Bootle is a constituency which has been represented in the House of Commons of the UK Parliament since 2015 by Peter Dowd of the Labour Party.

History
From 1885 to 1935, the constituency returned Conservative MPs, with its most notable MP being Conservative Party leader Bonar Law from 1911 to 1918, when property qualifications for the vote were abolished. Bonar Law would later serve as UK Prime Minister from 1922 to 1923, though at that point he no longer represented Bootle in the House of Commons. James Burnie of the Liberal Party held the seat from 1922 to 1924, and the seat was briefly held by John Kinley from the Labour Party from 1929 to 1931 and became a Conservative–Labour marginal seat in the 1930s when the mainstream Labour party formed the National Government. The Labour Party has held it continuously since the 1945 general election; this period saw two decades of steep decline in the profitability of Liverpool Docks, manufacturing and shipbuilding, which employed many constituents. At the three general elections from 1997, Bootle was the safest seat for any party in the United Kingdom by percentage of majority.

In 1990, two by-elections were held in Bootle. The first followed the death of Allan Roberts on 21 February, and was held on 24 May. Jack Holmes, the candidate of the continuing Social Democratic Party (representing the faction of the party which did not merge with the Liberal Democrats) was beaten by Screaming Lord Sutch of the Official Monster Raving Loony Party, contributing to the end of the SDP. The victorious Labour candidate, Michael Carr unexpectedly died on 20 July 1990 after just 57 days in office.

The second by-election, held on 8 November 1990, was won by the Labour candidate, Joe Benton.

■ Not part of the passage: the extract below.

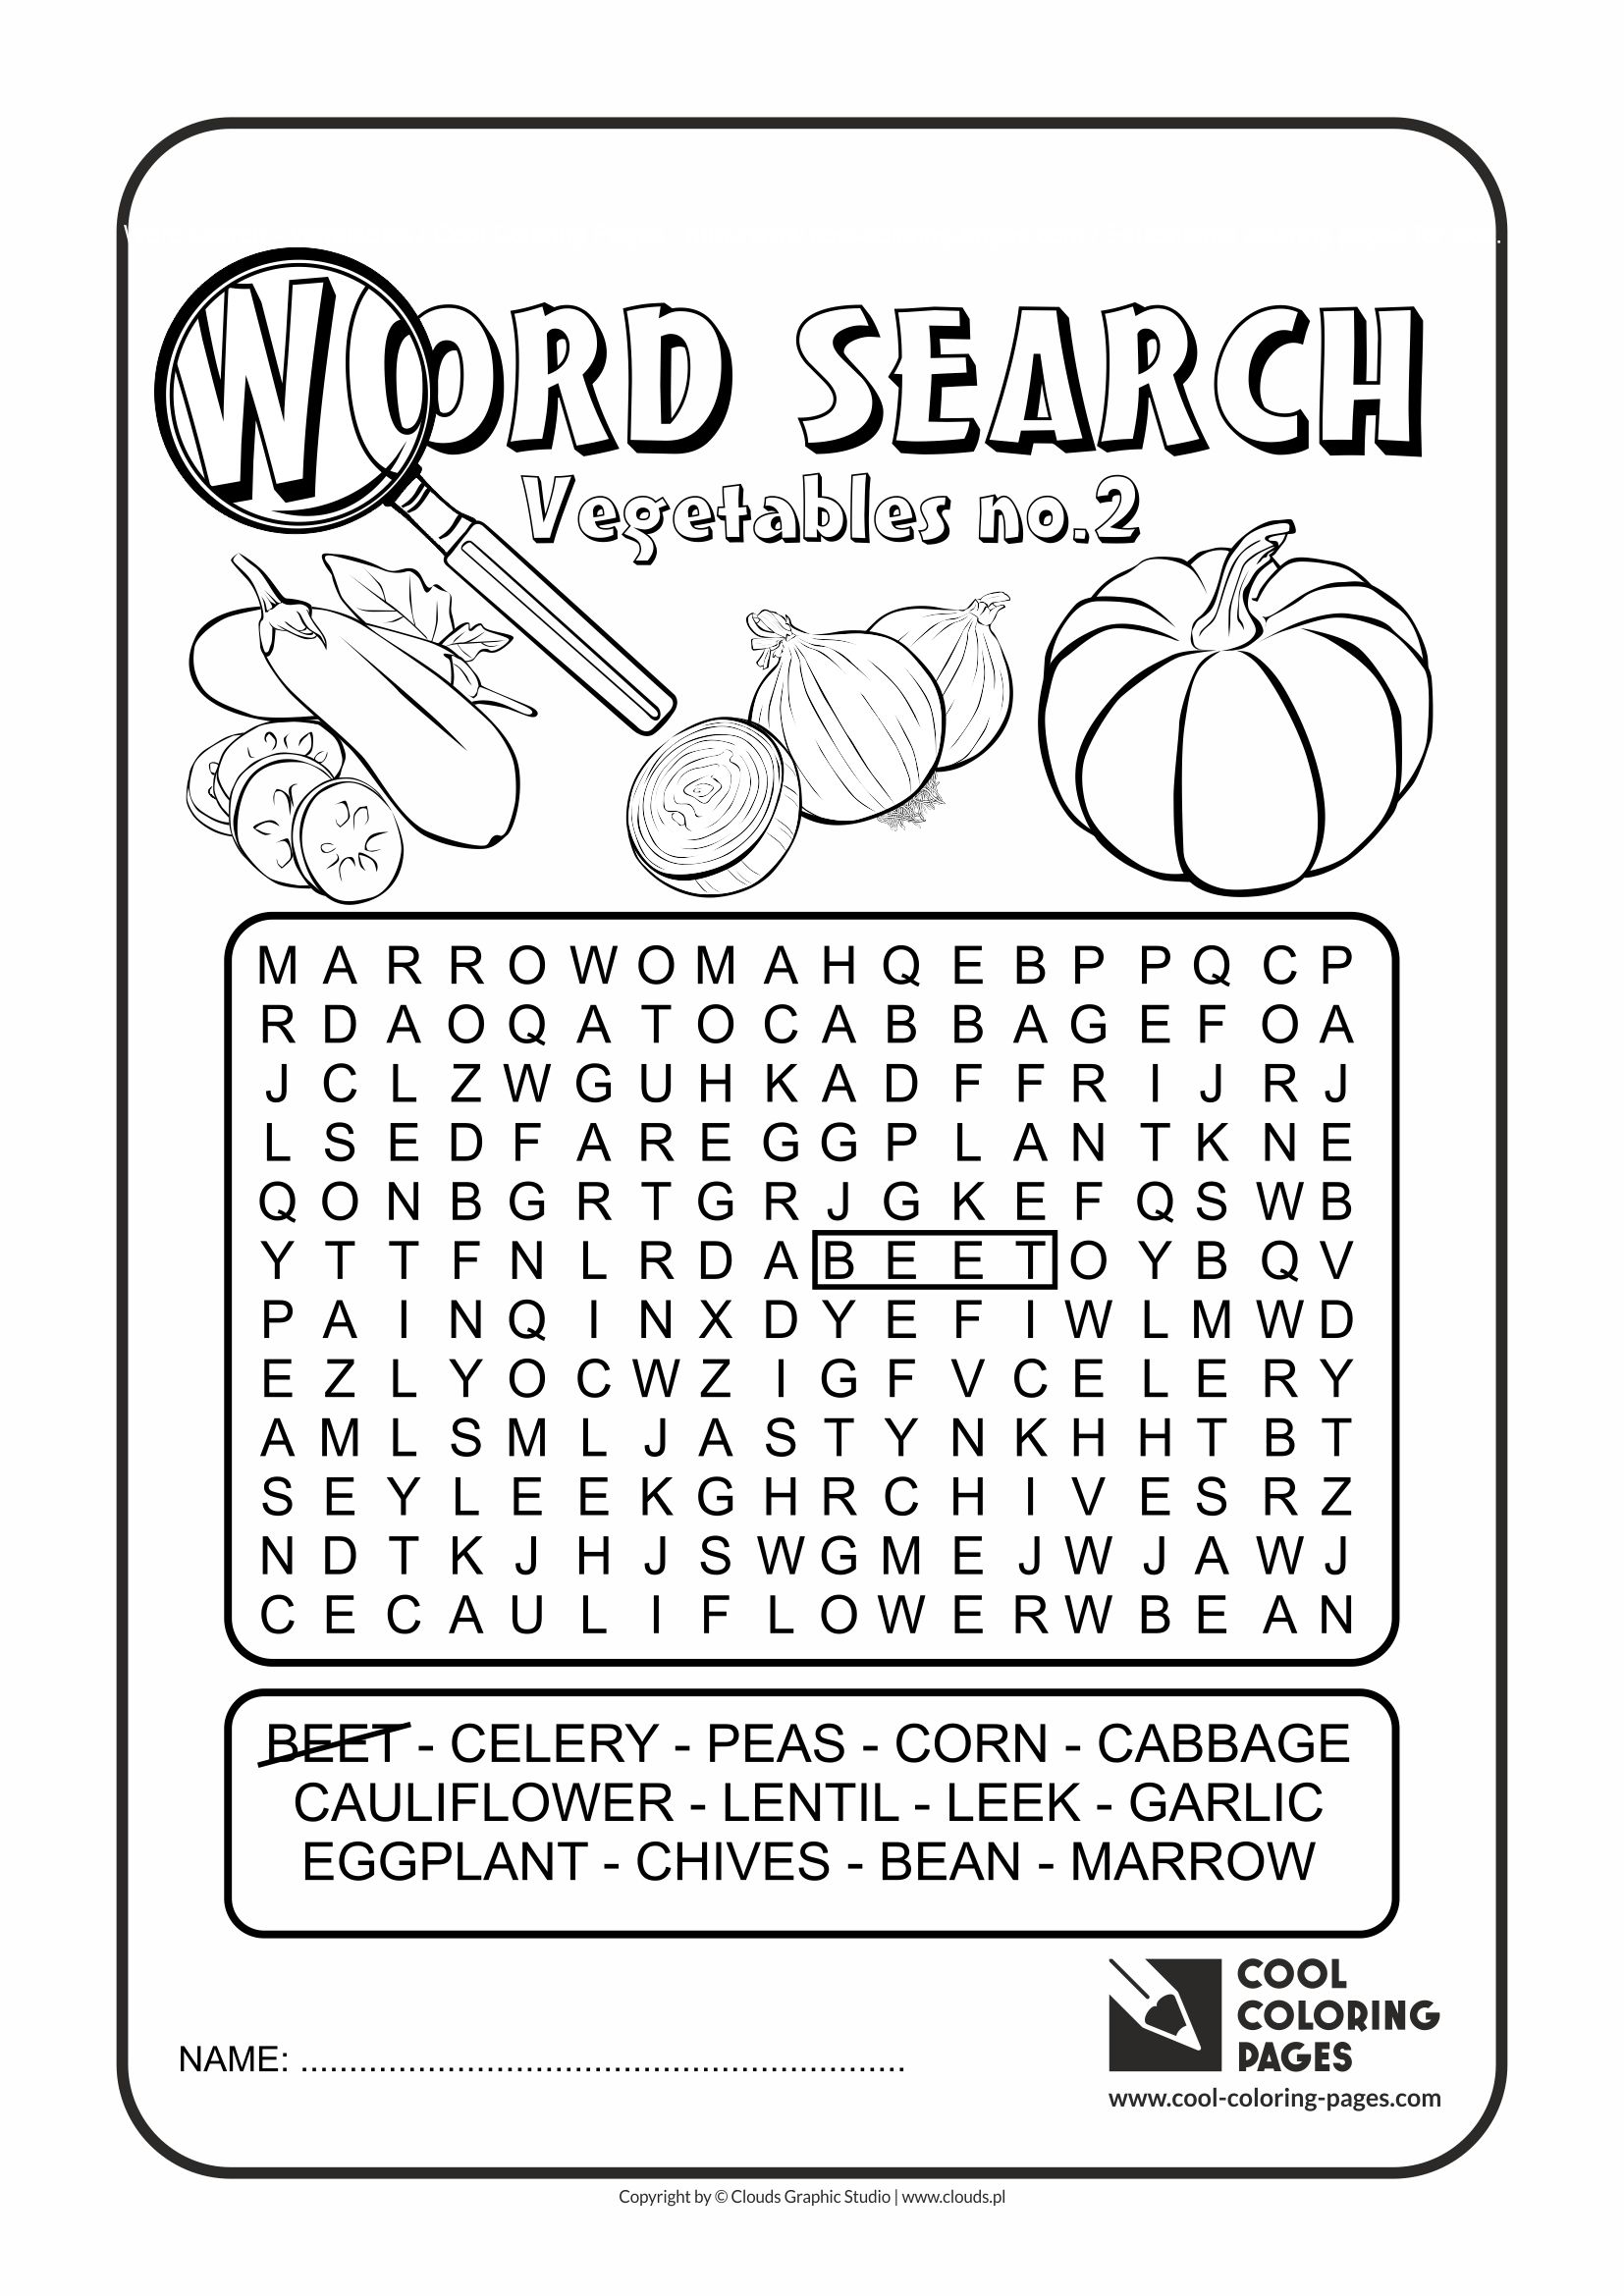 Cool Coloring Pages - Word search / Word search vegetables no 2 / Coloring page with word search vegetables no 2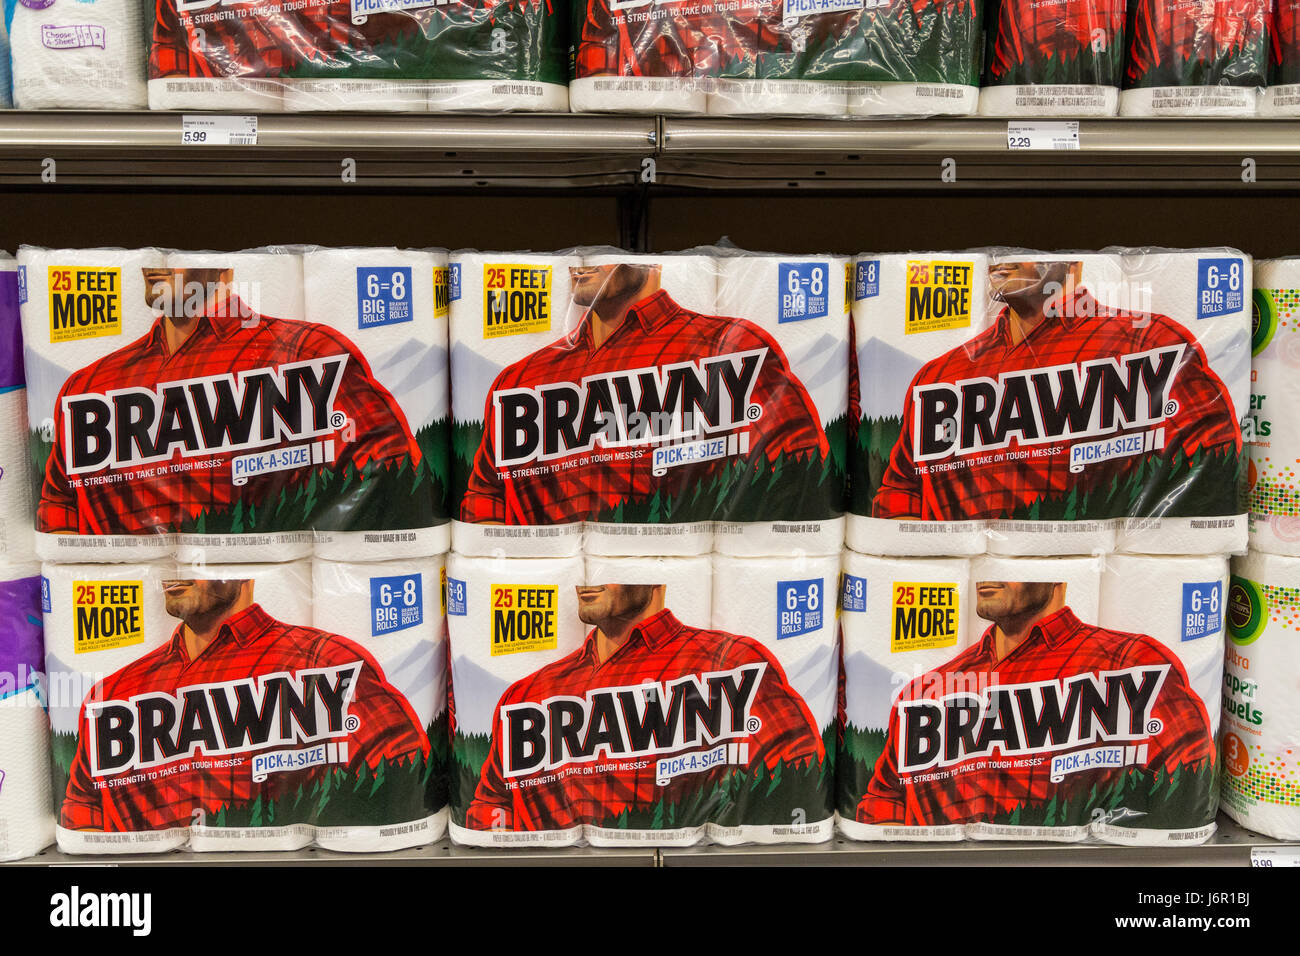 packages of Brawny brand paper towels stacked on grocery store shelves Stock Photo

Benton retained Bootle at the next four general elections with large majorities. At the 2005 general election, the seat was the safest seat by percentage of majority and had the highest winning share of the vote. In June 2014, Benton announced that he would retire at the 2015 general election.

The 2015 result made the seat the fifth-safest of Labour's 232 seats by percentage of majority (with a winning vote share of 74.5% and a majority of 63.6%).

Constituency profile
Though the seat has some small neighbourhoods with middle-to-high incomes, residents generally have some of the lowest UK incomes and there is a higher-than-average proportion of social housing. The Bootle constituency has long been one of the safest seats in the United Kingdom and since 1945, has given a majority of votes cast to the Labour Party at each general election. Since 1964, the size of the majority (by vote share) has been in double digits; since 1992, it has been over 50%, peaking at 74.4% in the 1997 Blair landslide election. However, the Labour vote share was at its highest in 2017, when Peter Dowd received 84% of votes cast. Both the size of the majority and the share of the vote represent an unbeaten record for this constituency.

Boundaries

1885–1918: The Boroughs of Bootle-cum-Linacre and Liverpool, the parishes of Childwall, Fazakerley, Walton-on-the-Hill, and Wavertree, and parts of the parishes of Toxteth Park and West Derby.

1918–1950: The County Borough of Bootle.

1950–1955: The County Borough of Bootle, and the Urban District of Litherland.

1955–1974: As 1918.

1974–1983: As 1950.

1983–1997: The Metropolitan Borough of Sefton wards of Church, Derby, Ford, Linacre, Litherland, Netherton, Orrell, and St Oswald.

1997–2010: As above less Church ward.

2010–present: The Metropolitan Borough of Sefton wards of Church, Derby, Ford, Linacre, Litherland, Netherton and Orrell, St Oswald, and Victoria.

The constituency covers the southern part of the Metropolitan Borough of Sefton in Merseyside. This comprises Bootle itself plus other localities including Crosby, Waterloo, Seaforth, Litherland, Netherton, Orrell and Ford.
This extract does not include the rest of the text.